Benchmark code: https://gist.github.com/ajpqs/ce941aa6f0f48ef36a65cb87a2a1d726.
| Model | request_throughput | output_throughput | total_token_throughput | mean_ttft_ms |
|---|---|---|---|---|
Qwen3-1.7B |
1.689 | 357.308 | 726.093 | 11.824 |
mtp-GigaChat3-10B-A1.8B-base |
1.533 | 333.620 | 678.894 | 26.345 |
GigaChat3-10B-A1.8B-base |
1.077 | 234.363 | 476.912 | 31.053 |
Qwen3-4B |
0.978 | 206.849 | 420.341 | 14.947 |
Qwen3-8B |
0.664 | 140.432 | 285.375 | 16.663 |
YandexGPT-5-Lite-8B-pretrain |
0.641 | 147.305 | 300.269 | 16.711 |
Despite having 10B parameters, in terms of speed and inference cost the model can be treated as an alternative to 3–4B dense models, and in MTP mode it can be compared even to smaller ones.
Both models:
-
are not specialized reasoning models (but support a basic level of reasoning);
-
can predict multiple tokens per step (MTP);
-
use MLA, reducing KV-cache size and memory requirements;
-
are trained from scratch without initialization from third-party weights;
-
are compatible with:
- Hugging Face;
- vLLM / SGLang / LMDeploy;
- standard inference and fine-tuning pipelines;
-
are released under the MIT license and can be used in commercial products.
import torch
from transformers import AutoTokenizer, AutoModelForCausalLM, GenerationConfig
model_name = "ai-sage/GigaChat3-10B-A1.8B-base"
tokenizer = AutoTokenizer.from_pretrained(model_name)

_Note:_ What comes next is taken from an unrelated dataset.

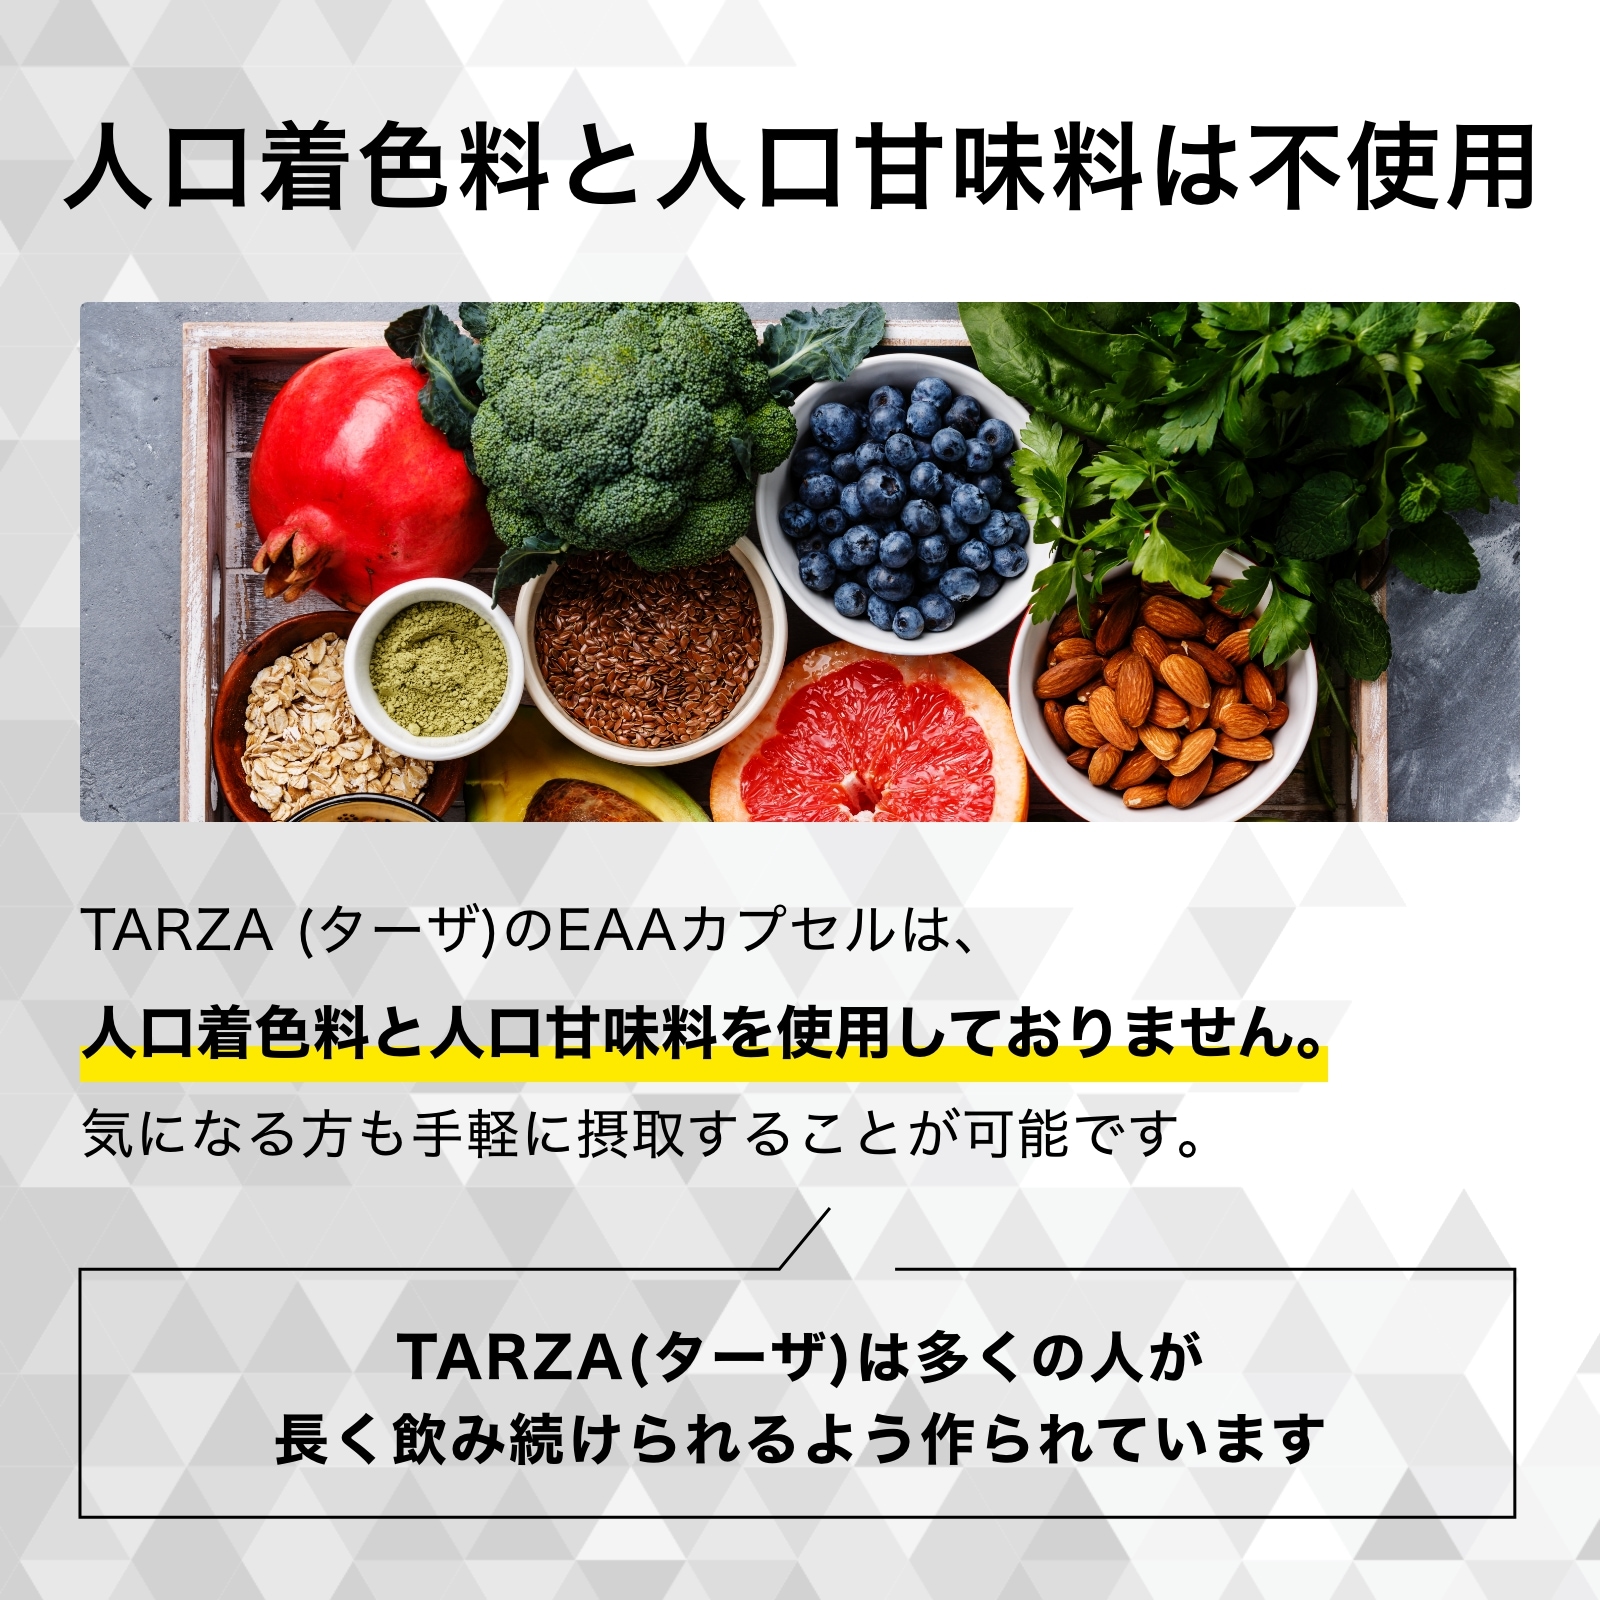 tarzaeaaカプセル着色料と甘味料は不使用

model = AutoModelForCausalLM.from_pretrained(
model_name,
torch_dtype=torch.bfloat16,
device_map="auto",
)
model.generation_config = GenerationConfig.from_pretrained(model_name)

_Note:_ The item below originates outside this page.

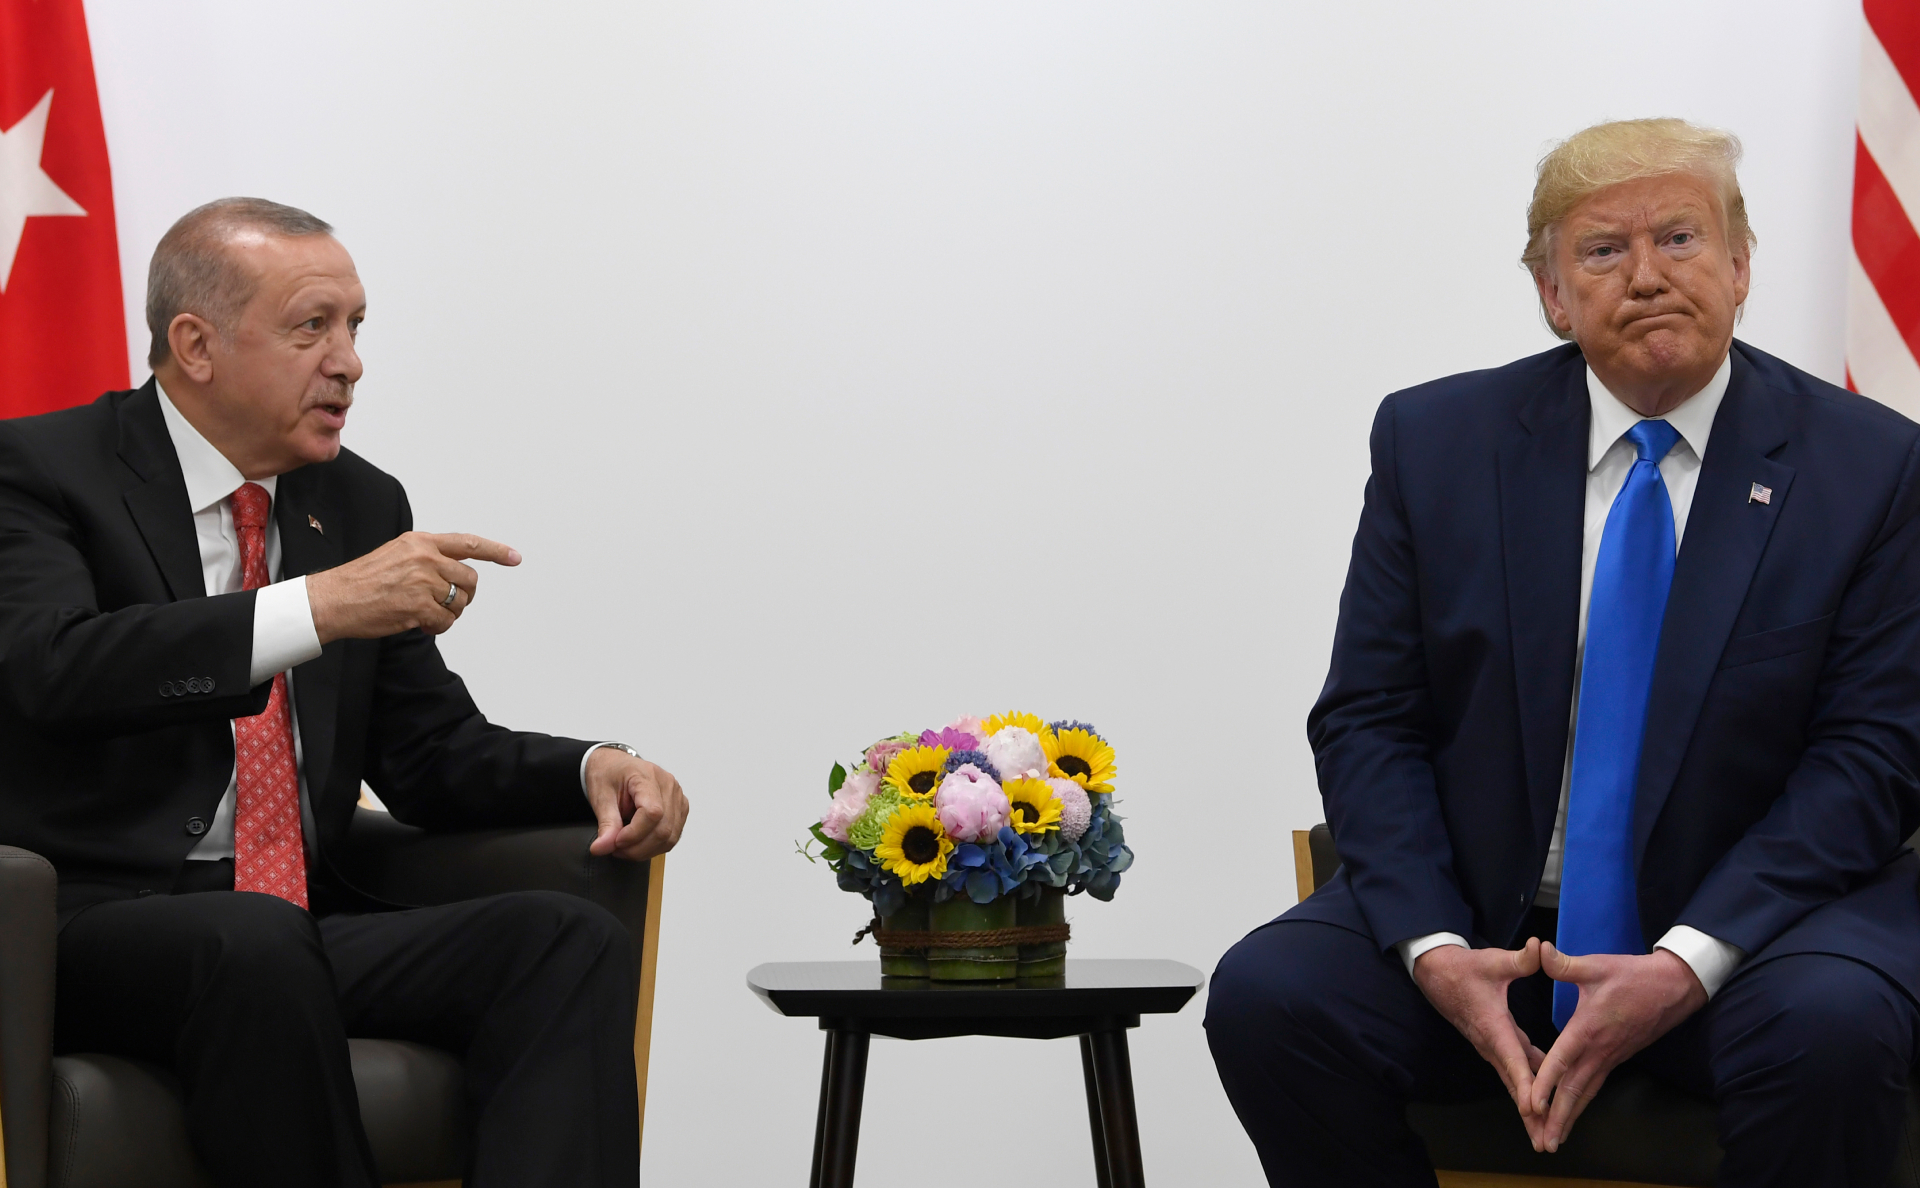 Реджеп Тайип Эрдоган (слева) и Дональд Трамп

prompt = "Ниже я написал подробное доказательство теоремы о неподвижной точке:"
inputs = tokenizer(prompt, return_tensors="pt").to(model.device)
with torch.no_grad():
outputs = model.generate(
inputs.input_ids,
attention_mask=inputs.attention_mask,
max_new_tokens=400,
)
result = tokenizer.decode(
outputs[0][inputs.input_ids.shape[1]:],
skip_special_tokens=False,
)
print(result)Start a server:
vllm serve ai-sage/GigaChat3-10B-A1.8B-base \
--disable-sliding-window \
--dtype "auto" \
--speculative-config '{"method": "mtp", "num_speculative_tokens": 1, "disable_padded_drafter_batch": false}'Example request:
curl http://localhost:8000/v1/completions \
-H "Content-Type: application/json" \
-d '{
"model": "ai-sage/GigaChat3-10B-A1.8B-base",
"prompt": "Ниже я написал подробное доказательство теоремы о неподвижной точке:",
"max_tokens": 400,
"temperature": 0
}'Start a server:
python -m sglang.launch_server \
--model-path ai-sage/GigaChat3-10B-A1.8B-base \
--host 0.0.0.0 \
--port 30000 \
--dtype auto \
--mem-fraction-static 0.88 \
--speculative-algorithm NEXTN \
--speculative-num-steps 1 \
--speculative-eagle-topk 1Example request:
curl http://localhost:30000/v1/completions \
-H "Content-Type: application/json" \
-d '{
"model": "ai-sage/GigaChat3-10B-A1.8B-base",
"prompt": "Ниже я написал подробное доказательство теоремы о неподвижной точке:",
"max_tokens": 400,
"temperature": 0
}'The models are released under the MIT license. You may use them in research and commercial projects provided that the license text is preserved.